REQUIREMENT:
Set the listing down again in full, word for word, with the pictures left out.

RECORDED DATA:
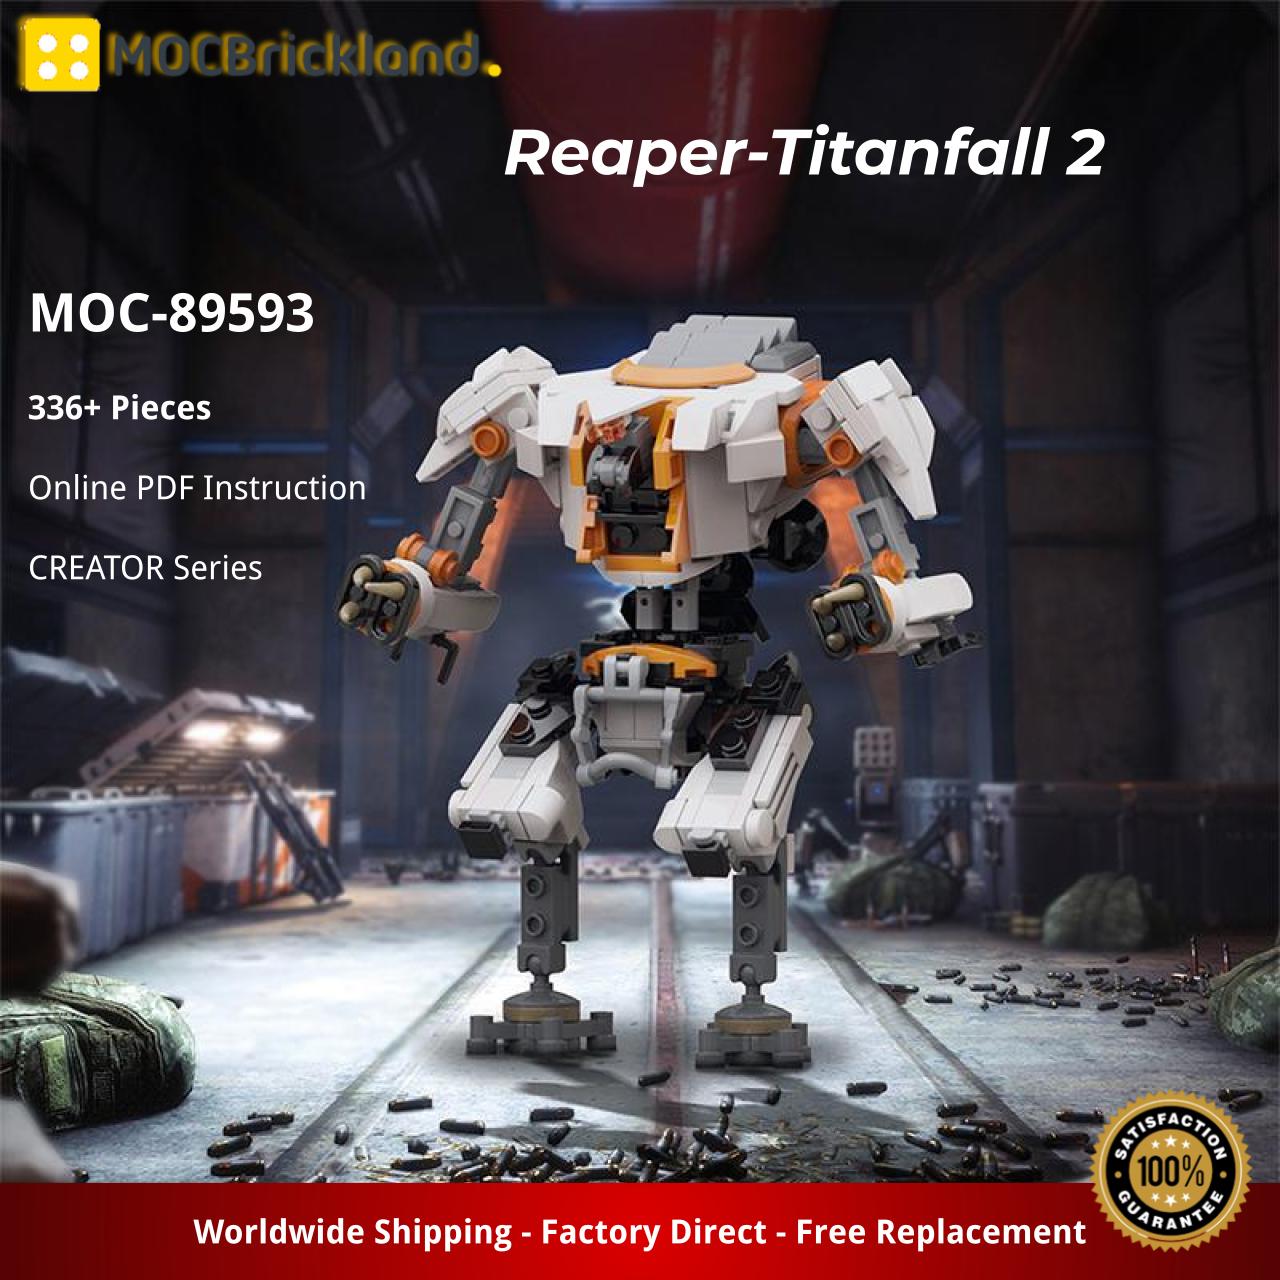 Creator MOC-89593 Reaper-Titanfall 2 MOCBRICKLAND
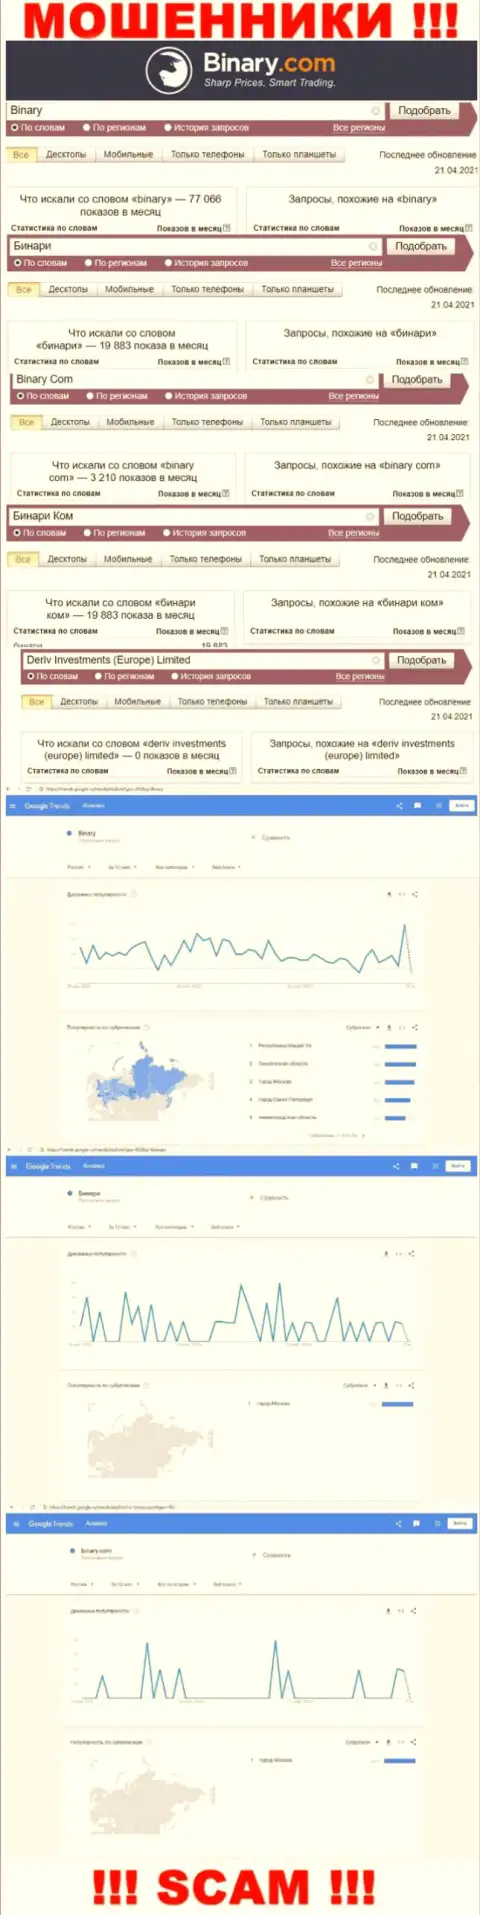 Количество online запросов информации о мошенниках Бинари в internet сети
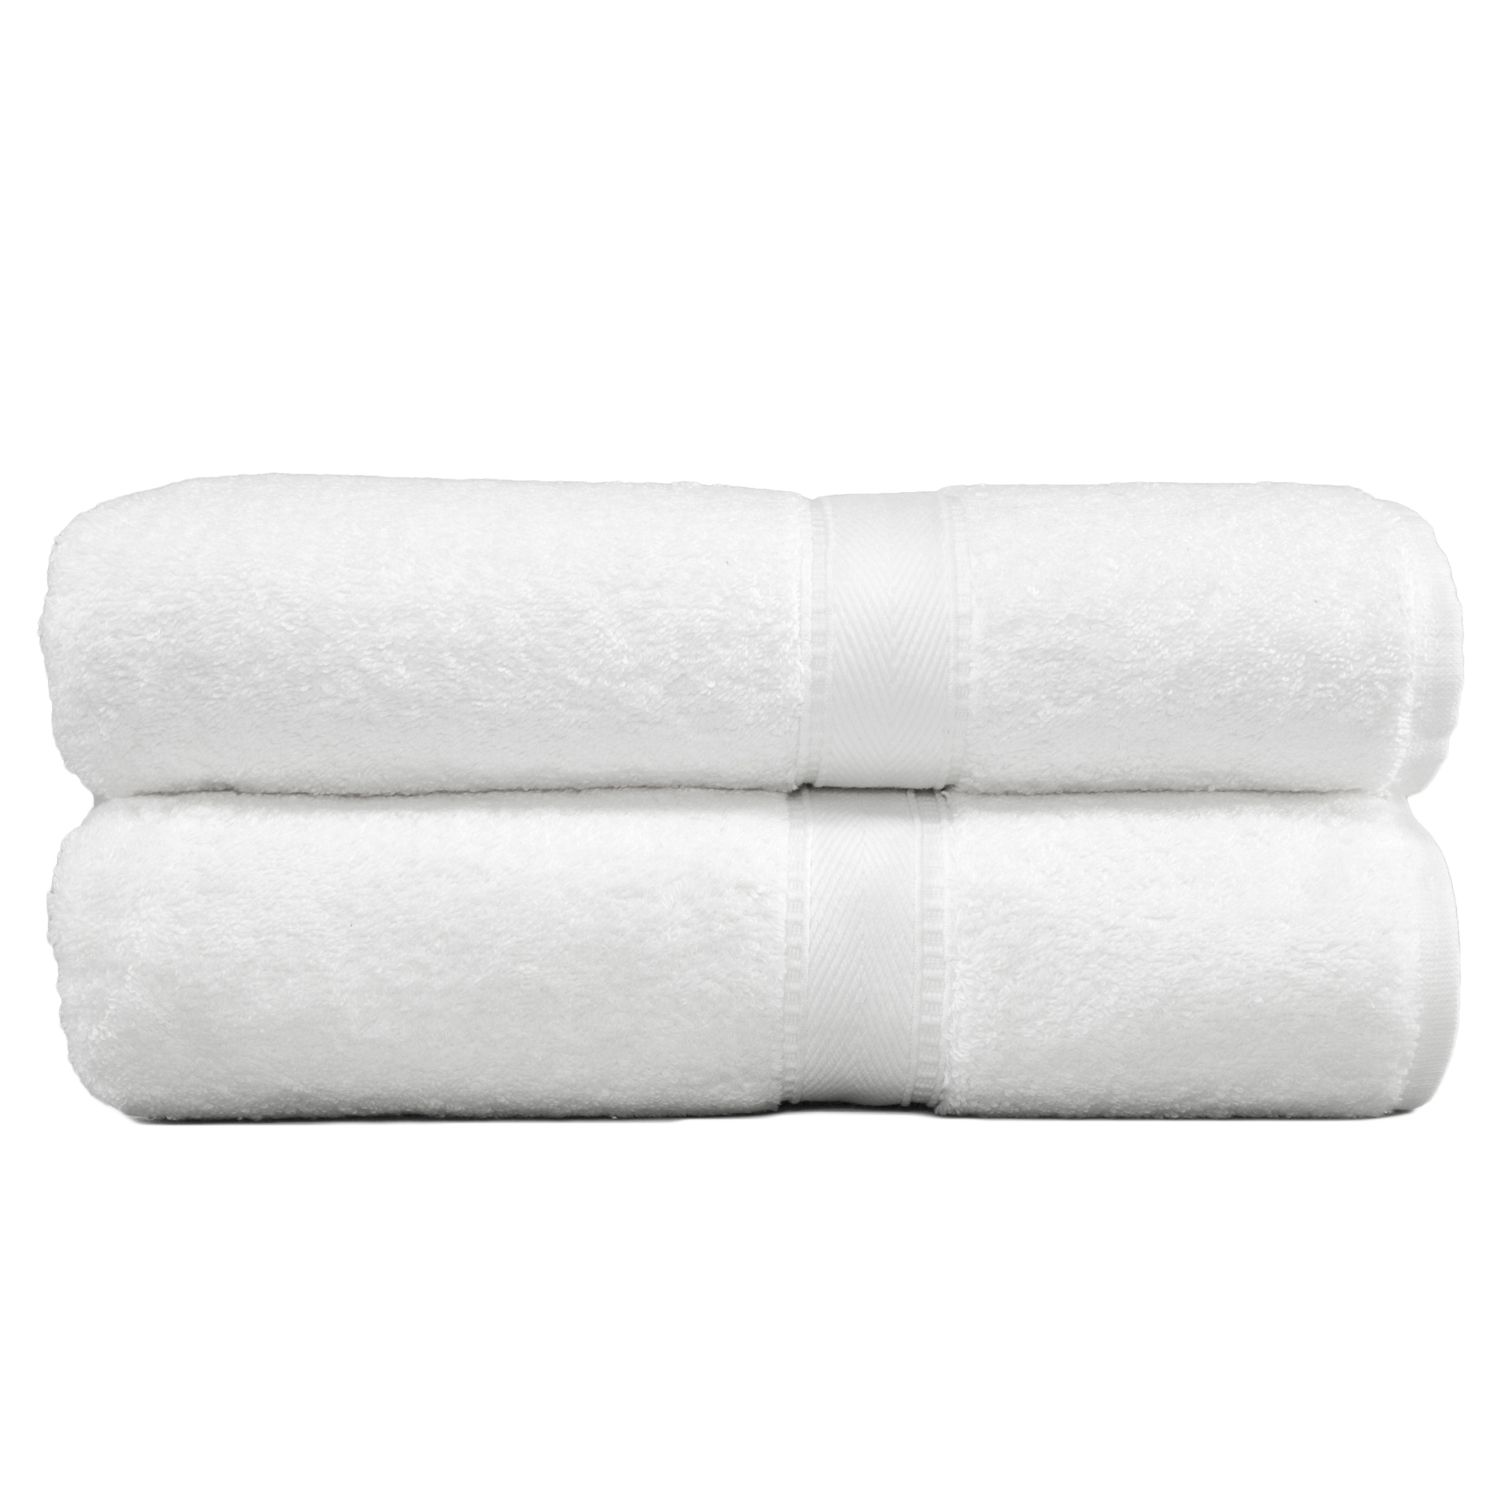 Линум Текстиль для дома Терри 2-уп. Банные полотенца

RESPONSE TO THE EXERCISE:
 Creator MOC-89593 Reaper-Titanfall 2 MOCBRICKLAND
 Количество online запросов информации о мошенниках Бинари в internet сети
 Линум Текстиль для дома Терри 2-уп. Банные полотенца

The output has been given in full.